This is my second piece for Drawn Out Storytelling: A live show based in Brooklyn, New York which combines live storytelling and live music with live illustration.
In this tale, performed at Drawn Out's "End of the World" show in June 2012, Steve Zimmer tells of his attempts to find love with a new neighbor.
Read the story in the form of an illustrated comic made with animated GIFs below:
Rebecca
By Steve Zimmer
Illustrated by Thomas Boguszewski
"2010. Flatiron.
Gigantic penthouse loft for sale. Management cuts it in half with
a temporary wall, and rents out the 2 halves – cheaply, until they
sell it. I rent one half, someone rents the other half; but I don’t
meet this mystery tenant since we enter from different streets.By Steve Zimmer
Illustrated by Thomas Boguszewski
"But, one day
management forgets to use blind CC on a building-wide email , and I
learn the mystery tenant’s name. Rebecca. Normally I wouldn’t
care; but I’m at a funny point in my life. I’ve just lost my
job. So now I’m home every day, sitting at my computer in
sweatpants that purposely look like real pants while brokers take
potential buyers through my place. I’m 47, and regret that I never
got married and had a family. The buyers are successful, established
couples with kids. It’s like a daily visit from the ghost of
Christmas past.
"I start Googling
Rebecca; nothing, except the White pages – which gives your age.
Now I wanna meet someone who’s age-appropriate but young enough to
have kids. So my dating target age group goes from 39 to 39.
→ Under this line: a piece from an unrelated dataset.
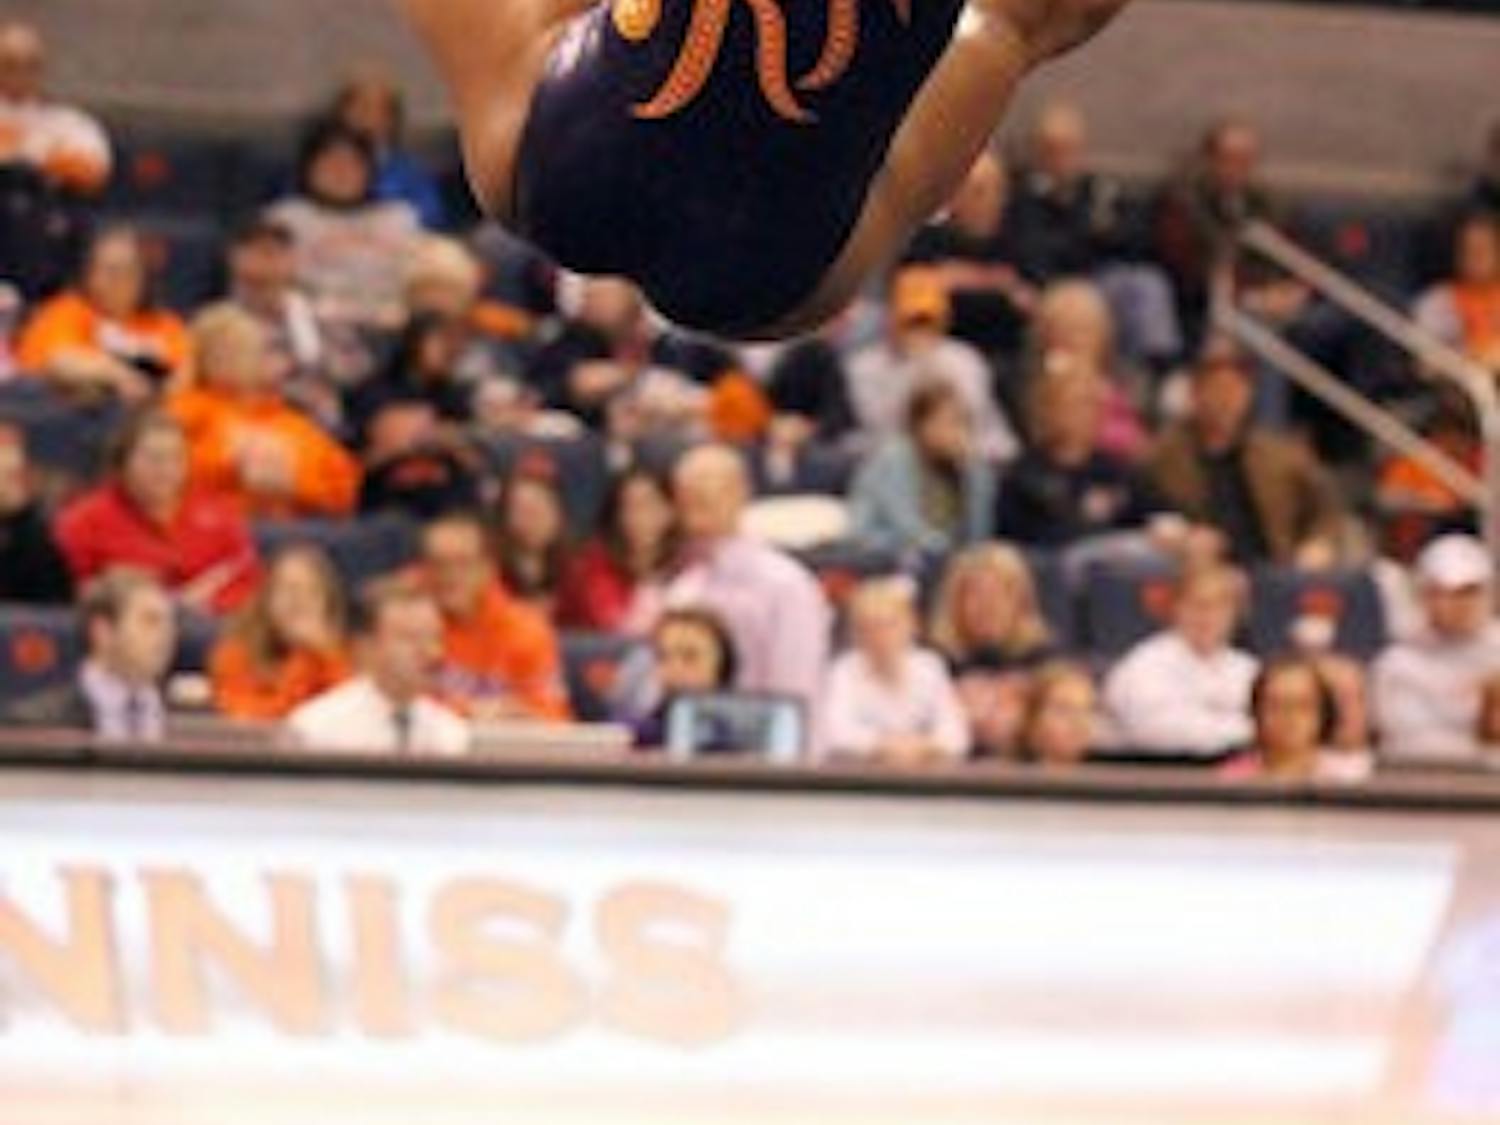 Rachel Inniss performs on the floor, scoring a 9.9 against LSU Friday night.

Rebecca’s 39. I logically assume this happy coincidence
foreshadows more happy coincidences and wanna meet her.
"Interestingly, our
sleeping alcoves are on opposite sides of the temporary wall, so we
sleep only 10 feet apart.
Not unlike my last relationship.
"But the only place we might actually intersect would be the roof. And I’m not gonna sit up there with a folding chair and a book stalking her, in February. But a few months later, I’m having a party so I invite her.
I compose her email
on Word; tomorrow I’ll send it. I do this for all key romantic
emails; it’s like the wait period on buying handguns, plus the
ensuing rewrites capture my evolving feelings.
The final product
reads: Hi, I’m Steve, from the building CC list. I’m having a
party Friday, it might spill onto the roof. Consider this a
warning/invitation.
She writes ‘Nice
to meet you, Steve. I’ve never gotten a warning/invitation. Sadly
I’ll be in Toronto Friday.
I write: ‘Canada’s
fine, but the people at my party will be more interesting’.
She writes: ‘I’m
visiting Canada because I’m Canadian.’
I stay up late
writing a detailed apology - which requires googling Canada, and send
it at 3 AM
Next morning,
Rebecca responds: Steve – I’m actually from Delaware. Was
joking. So sorry.
I write back: NP.
"Despair ensues. I
call my friend, Jill who listens despite our agreement that I won’t
seek advice on things I already did. She’s like: ‘Ok, so you
intercepted her address, cyberstalked her, and freaked out over
gentle teasing.’ When someone’s able to condemn your behavior by
summarizing your behavior, you’ve got your answer.
"I’m crushed. Which
sounds silly given I barely know Rebecca. But, consider how
paleontologists take a few small bone fragments and flesh-out
3-dimensional dinosaurs. That’s nothing compared to what I do with
potential girlfriends.
Rebecca exists in detail, right down to our breezy MOMA conversations...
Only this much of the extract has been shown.